Note

Click here to download the full example code

Neural Style Transfer with `pystiche`¶

This example showcases how a basic Neural Style Transfer (NST), i.e. image optimization, could be performed with pystiche.

Note

This is an example how to implement an NST and not a tutorial on how NST works. As such, it will not explain why a specific choice was made or how a component works. If you have never worked with NST before, we strongly suggest you to read the Gist first.

Setup¶

We start this example by importing everything we need and setting the device we will be working on.

 import pystiche
 from pystiche import demo, enc, loss, optim
 from pystiche.image import show_image
 from pystiche.misc import get_device, get_input_image

 print(f"I'm working with pystiche=={pystiche.__version__}")

 device = get_device()
 print(f"I'm working with {device}")

Out:

I'm working with pystiche==1.0.1
I'm working with cuda

Multi-layer Encoder¶

The content_loss and the style_loss operate on the encodings of an image rather than on the image itself. These encodings are generated by a pretrained encoder. Since we will be using encodings from multiple layers we load a multi-layer encoder. In this example we use the vgg19_multi_layer_encoder that is based on the VGG19 architecture introduced by Simonyan and Zisserman [SZ14] .

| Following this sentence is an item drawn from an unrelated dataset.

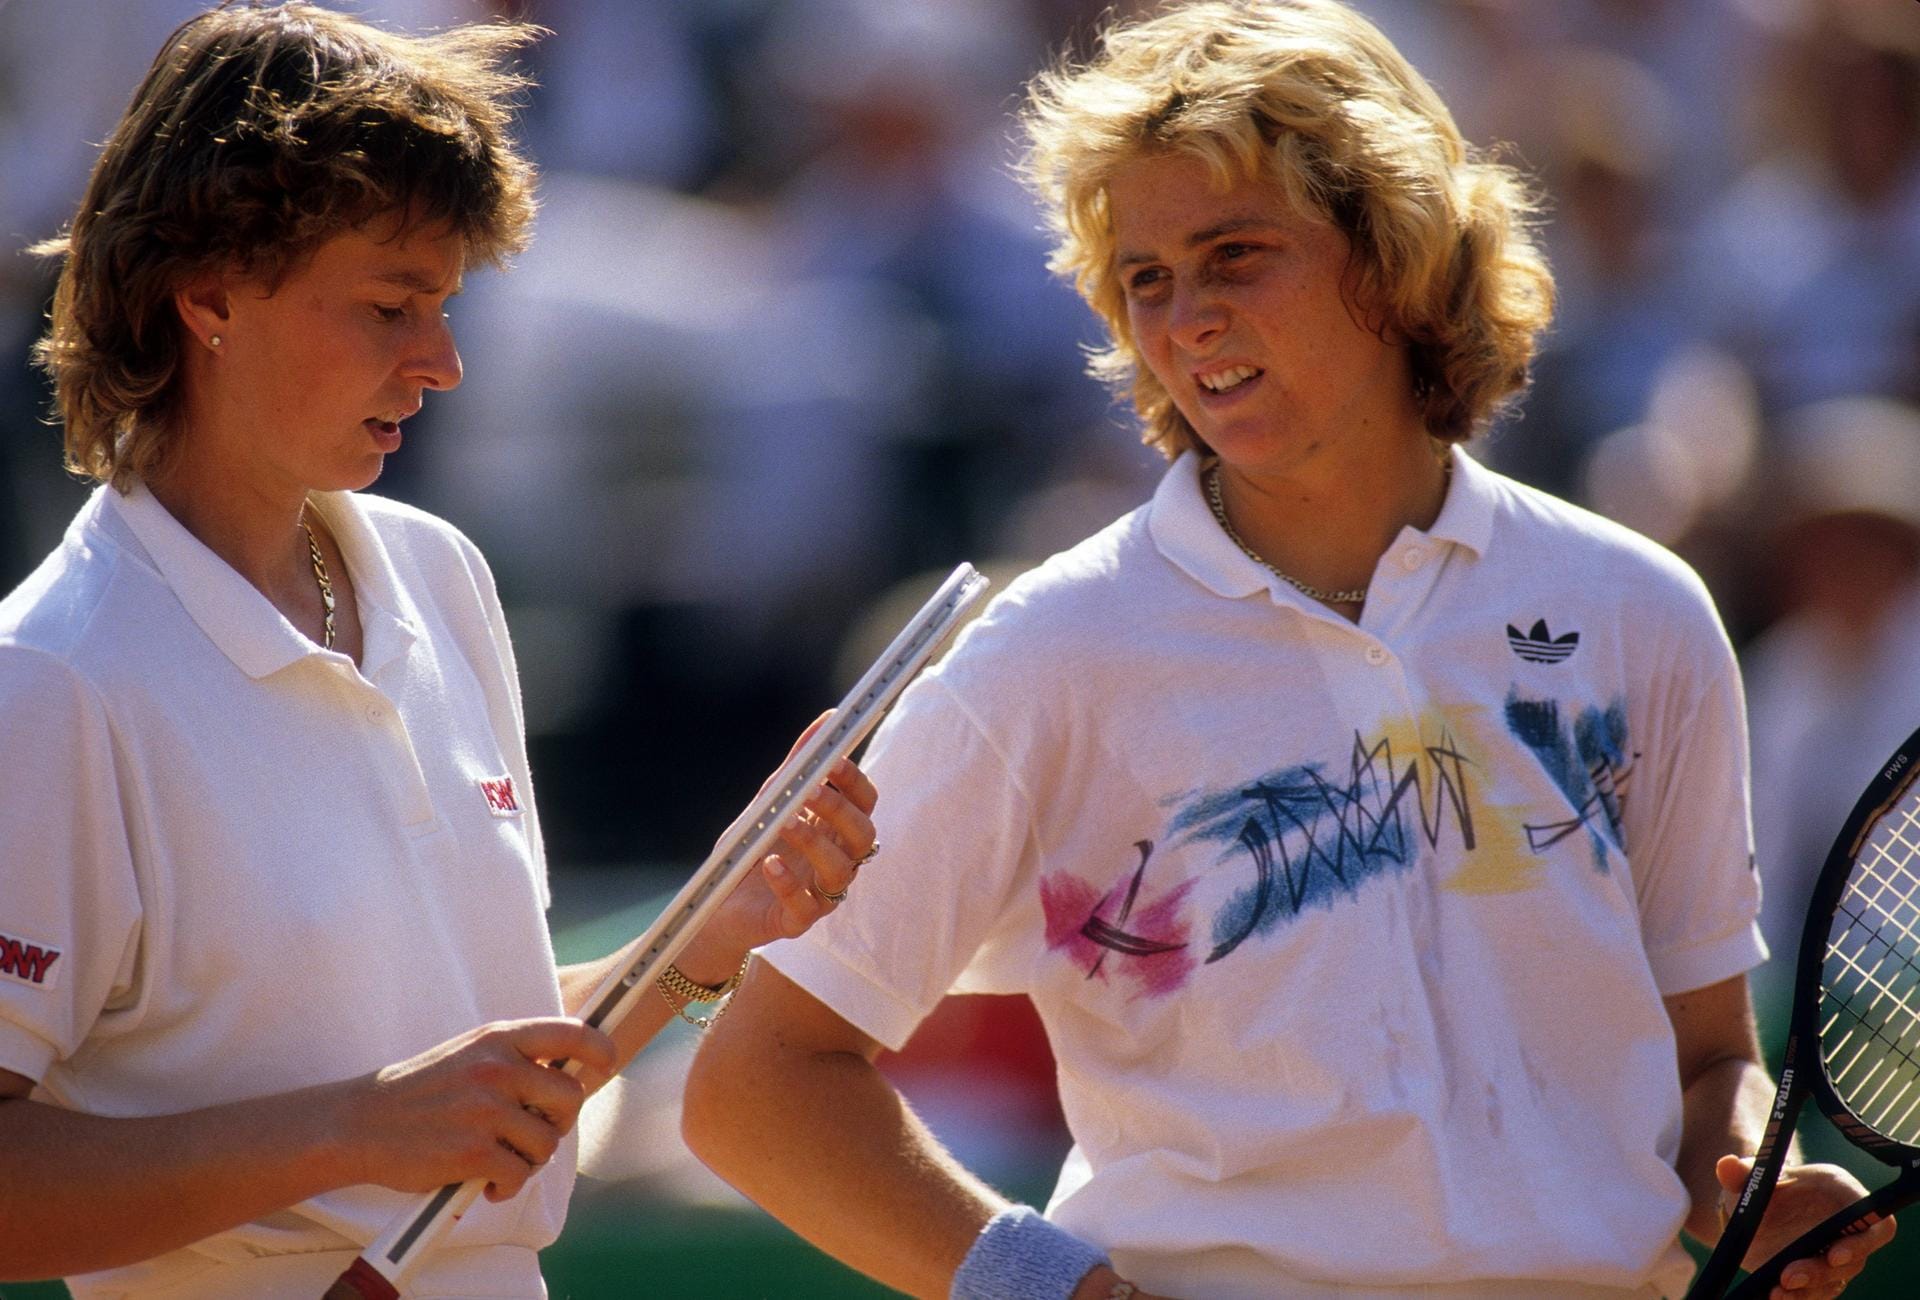 Claudia Kohde-Kilsch (r.) holte zwei Grand-Slam-Titel in ihrer Karriere. Beide im Doppel und beide an der Seite der Tschechoslowakin Helena Sukova (l.). Zunächst triumphierte das Duo 1985 bei US Open, 1987 war es auch auf dem heiligen Rasen von Wimbledon nicht zu schlagen.

 multi_layer_encoder = enc.vgg19_multi_layer_encoder()
 print(multi_layer_encoder)

Out:

VGGMultiLayerEncoder(
  arch=vgg19, framework=torch
  (preprocessing): TorchPreprocessing(
    (0): Normalize(mean=('0.485', '0.456', '0.406'), std=('0.229', '0.224', '0.225'))
  )
  (conv1_1): Conv2d(3, 64, kernel_size=(3, 3), stride=(1, 1), padding=(1, 1))
  (relu1_1): ReLU()
  (conv1_2): Conv2d(64, 64, kernel_size=(3, 3), stride=(1, 1), padding=(1, 1))
  (relu1_2): ReLU()
  (pool1): MaxPool2d(kernel_size=2, stride=2, padding=0, dilation=1, ceil_mode=False)
  (conv2_1): Conv2d(64, 128, kernel_size=(3, 3), stride=(1, 1), padding=(1, 1))
  (relu2_1): ReLU()
  (conv2_2): Conv2d(128, 128, kernel_size=(3, 3), stride=(1, 1), padding=(1, 1))
  (relu2_2): ReLU()
  (pool2): MaxPool2d(kernel_size=2, stride=2, padding=0, dilation=1, ceil_mode=False)
  (conv3_1): Conv2d(128, 256, kernel_size=(3, 3), stride=(1, 1), padding=(1, 1))
  (relu3_1): ReLU()
  (conv3_2): Conv2d(256, 256, kernel_size=(3, 3), stride=(1, 1), padding=(1, 1))
  (relu3_2): ReLU()
  (conv3_3): Conv2d(256, 256, kernel_size=(3, 3), stride=(1, 1), padding=(1, 1))
  (relu3_3): ReLU()
  (conv3_4): Conv2d(256, 256, kernel_size=(3, 3), stride=(1, 1), padding=(1, 1))
  (relu3_4): ReLU()
  (pool3): MaxPool2d(kernel_size=2, stride=2, padding=0, dilation=1, ceil_mode=False)
  (conv4_1): Conv2d(256, 512, kernel_size=(3, 3), stride=(1, 1), padding=(1, 1))
  (relu4_1): ReLU()
  (conv4_2): Conv2d(512, 512, kernel_size=(3, 3), stride=(1, 1), padding=(1, 1))
  (relu4_2): ReLU()
  (conv4_3): Conv2d(512, 512, kernel_size=(3, 3), stride=(1, 1), padding=(1, 1))
  (relu4_3): ReLU()
  (conv4_4): Conv2d(512, 512, kernel_size=(3, 3), stride=(1, 1), padding=(1, 1))
  (relu4_4): ReLU()
  (pool4): MaxPool2d(kernel_size=2, stride=2, padding=0, dilation=1, ceil_mode=False)
  (conv5_1): Conv2d(512, 512, kernel_size=(3, 3), stride=(1, 1), padding=(1, 1))
  (relu5_1): ReLU()
  (conv5_2): Conv2d(512, 512, kernel_size=(3, 3), stride=(1, 1), padding=(1, 1))
  (relu5_2): ReLU()
  (conv5_3): Conv2d(512, 512, kernel_size=(3, 3), stride=(1, 1), padding=(1, 1))
  (relu5_3): ReLU()
  (conv5_4): Conv2d(512, 512, kernel_size=(3, 3), stride=(1, 1), padding=(1, 1))
  (relu5_4): ReLU()
  (pool5): MaxPool2d(kernel_size=2, stride=2, padding=0, dilation=1, ceil_mode=False)
)

Perceptual Loss¶

The core components of every NST are the content_loss and the style_loss. Combined they make up the perceptual loss, i.e. the optimization criterion. In this example we use the feature_reconstruction_loss introduced by Mahendran and Vedaldi [MV15] as content_loss.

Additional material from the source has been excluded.